▶ _MATERIAL TO PROCESS_
=== Section Start ===
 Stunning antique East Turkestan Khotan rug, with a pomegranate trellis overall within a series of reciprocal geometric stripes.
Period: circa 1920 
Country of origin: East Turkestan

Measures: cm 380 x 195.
=== Section End ===
=== Section Start ===
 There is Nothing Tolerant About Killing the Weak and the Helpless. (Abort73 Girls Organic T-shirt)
=== Section End ===
▶ _WHAT TO DO_
Everything above from the line containing "Stunning antique East" through the line containing "Measures: cm 380 x 195." must be copied exactly. Nothing outside that range belongs in the answer.

▶ _WORKED SOLUTION_
 Stunning antique East Turkestan Khotan rug, with a pomegranate trellis overall within a series of reciprocal geometric stripes.
Period: circa 1920 
Country of origin: East Turkestan

Measures: cm 380 x 195.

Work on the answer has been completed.